Continuando con mi artículo anterior, me gustaría destacar algunas figuras que por su relevancia se han convertido en iconos del misterio con mayúsculas. No quisiera terminar este recorrido por el misterio sin nombrar a una de las mujeres más emprendedoras y valientes que nos dejó para siempre allá por el verano de 1937. Me refiero sin género de dudas a la gran piloto Amelia Earhart .



 

Amelia Mary Earhart , nació un caluroso 24 de julio de 1897 en la casa de sus abuelos maternos en la localidad de Atchison a lo largo del río de Missouri , Kansas. Su abuelo, Alfred Otis era uno de los más destacados ciudadanos de Atchison. Amy Earhart (la madre de Amelia) al sufrir un aborto de un embarazo anterior, decide regresar a casa de sus padres para esperar el nacimiento de su nuevo retoño. Tras el nacimiento de Amelia, dos años y medio después vendría al mundo su hermana Muriel. Ambas pasaron parte de su juventud bajo la tutela de sus abuelos maternos, llenos de comodidades gracias al desahogado económico que existía en aquella casa. Alfred, nunca vio con buenos ojos la práctica de la abogacía impartida por su yerno, ya que lo consideraba una persona “buena para nada”…

Después de distintos fracasos laborales del progenitor y padre de familia, Edwin Stanton Earhart decide probar fortuna como ejecutivo en 1905 con compañía ferroviaria Ferrocarril de Rock Island en Des Moines, Iowa. Amy y Edwin se mudaron a su nuevo lugar de residencia, dejando al cargo de la educación y manutención a los abuelos maternos. No fue hasta pasado al menos tres años que la familia Earhart reclamó la presencia de sus hijas en Des Moines. En ese entonces Amelia contaba ya con la edad de diez años, y allí tuvo contacto con la primera visión de un avión en la Feria Estatal de Iowa. Como más tarde relatara , “Era un montón de alambres corroídos y madera que no tenía nada de interesante…”

No sería hasta una década después cuando la intrépida Amelia tomara un interés desmesurado por la aviación. Tras años de una frágil estabilidad familiar y económica, el padre de Amelia entra en un estado de barrena como consecuencia de su adicción por el alcohol, su inseparable compañera en la mayoría del tiempo. En los albores de la primera Guerra Mundial (1914) Amy decide abandonar a su marido, el cual los había arrastrado de tener una privilegiada posición económica a la más absoluta de las miserias.

Gracias a algunos ingresos que disponía Amy de un fideicomiso mantuvo a las niñas y posteriormente las envió a una escuela privada de nivel medio para su preparación a la Universidad. En 1917 Amelia decide ayudar como ayudante de enfermería en Toronto, realizando su labor como enfermera voluntaria en un hospital militar, hasta el término de la guerra. “Allí me di cuenta por primera vez del significado de la Guerra Mundial. En vez de uniformes nuevos y bandas de música, sólo pude ver el resultado de cuatro años de lucha desesperada; hombres sin brazos, ni piernas, hombres paralizados y hombres que había quedado ciegos…”

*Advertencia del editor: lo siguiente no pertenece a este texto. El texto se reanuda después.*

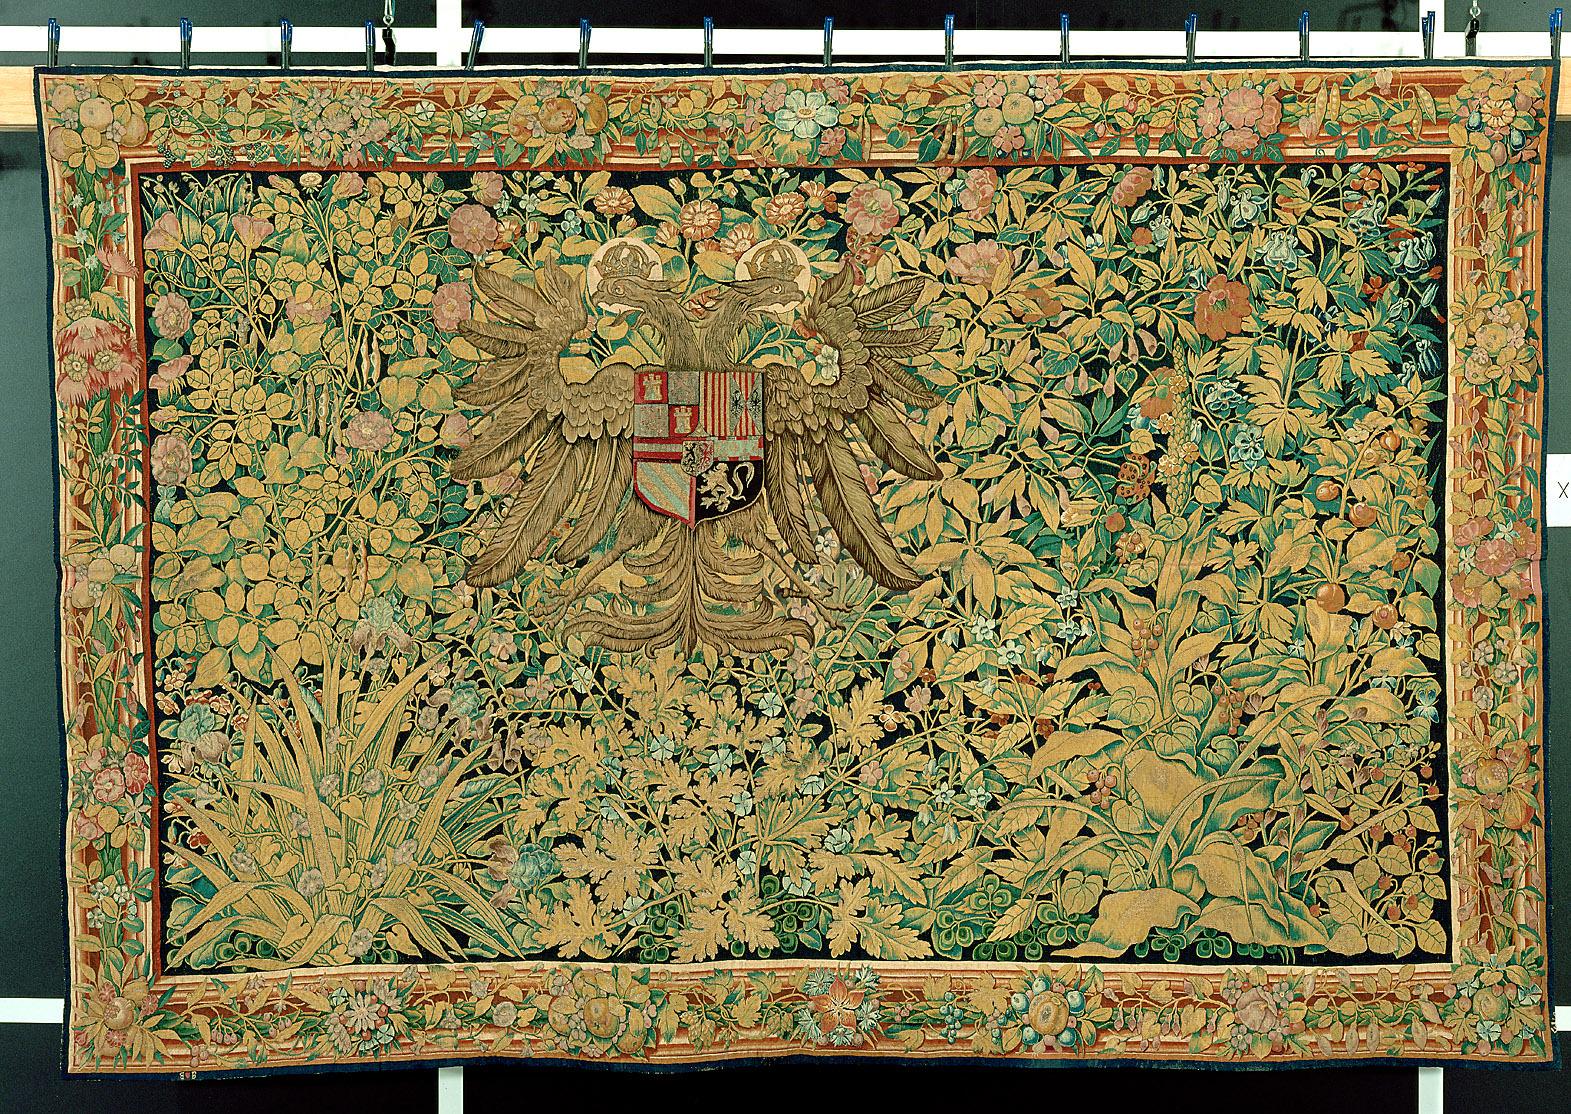 Der gekrönte kaiserlich römische Doppeladler in einer Verdüre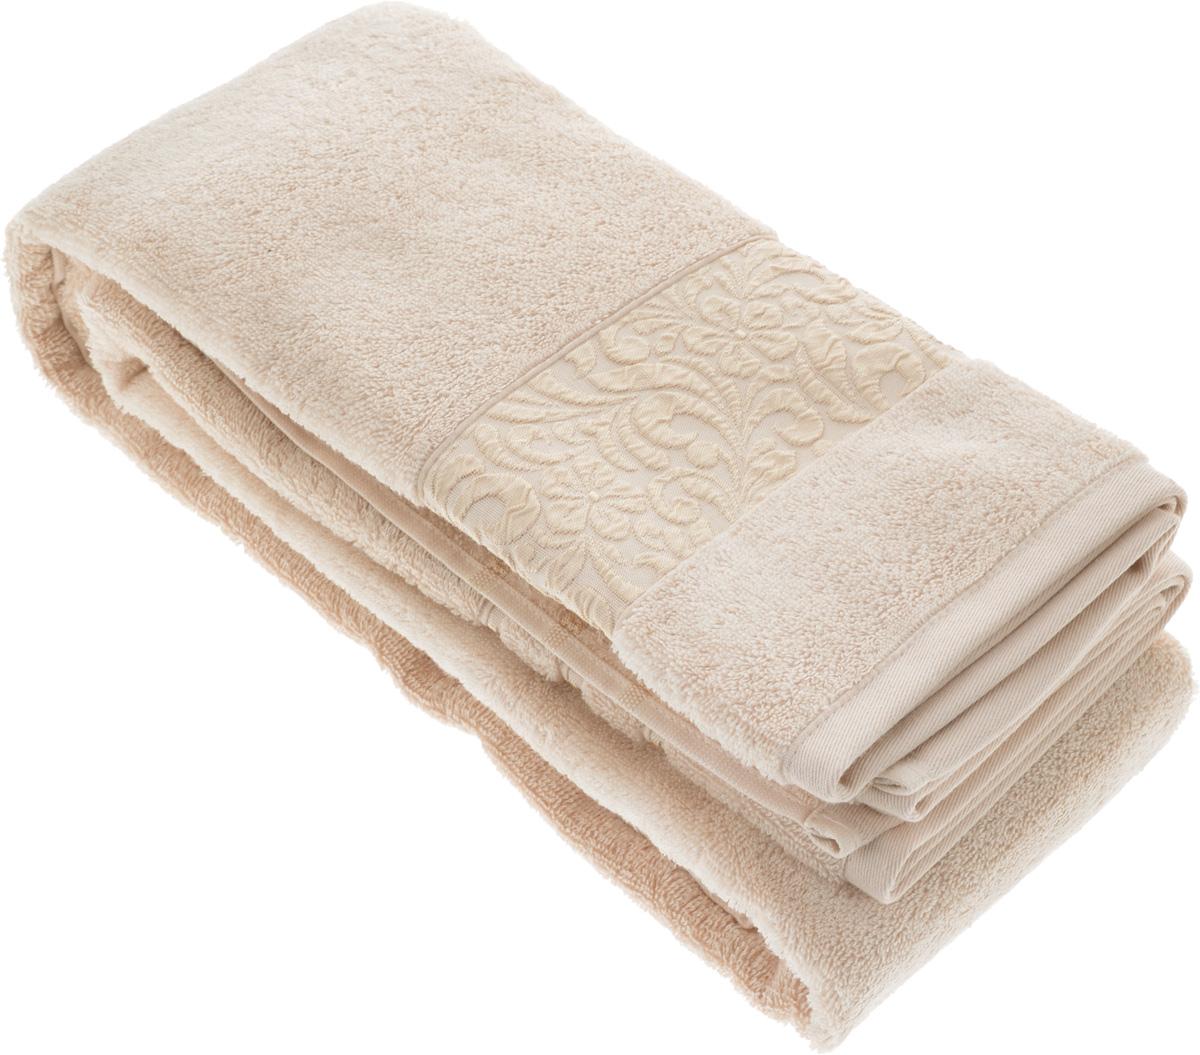 Полотенце бамбуковое Issimo Home Valencia, цвет: пудра, 90 x 150 см4762Полотенце Issimo Home Valencia выполнено из 60% бамбукового волокна и 40% хлопка. Таким полотенцем не нужно вытираться - только коснитесь кожи - и ткань сама все впитает. Такая ткань впитывает в 3 раза лучше, чем хлопок. Несмотря на высокую плотность, полотенце быстро сохнет, остается легкими даже при намокании. Изделие имеет красивый жаккардовый бордюр, оформленный цветочным орнаментом. Благородные, классические тона создадут уют и подчеркнут лучшие качества махровой ткани, а сочные, яркие, летние оттенки создадут ощущение праздника и наполнят дом энергией. Красивая, стильная упаковка этого полотенца делает его уже готовым подарком к любому случаю.

En el otoño de 1919 Amelia se inscribió como estudiante de medicina en la Universidad de Columbia. Aunque sus estudios iban bien, en 1920 decide regresar al lado de sus recientemente reconciliados padres en California. Fue entonces cuando Amelia toma contacto con la aviación de forma fortuita, en un encuentro aéreo en Long Beach. Al día siguiente, dotada de un casco toma partido en un vuelo de un biplano de cabina abierta sobre Los Ángeles, con una duración de diez minutos, lo cual la marcaría hasta el día de su desaparición…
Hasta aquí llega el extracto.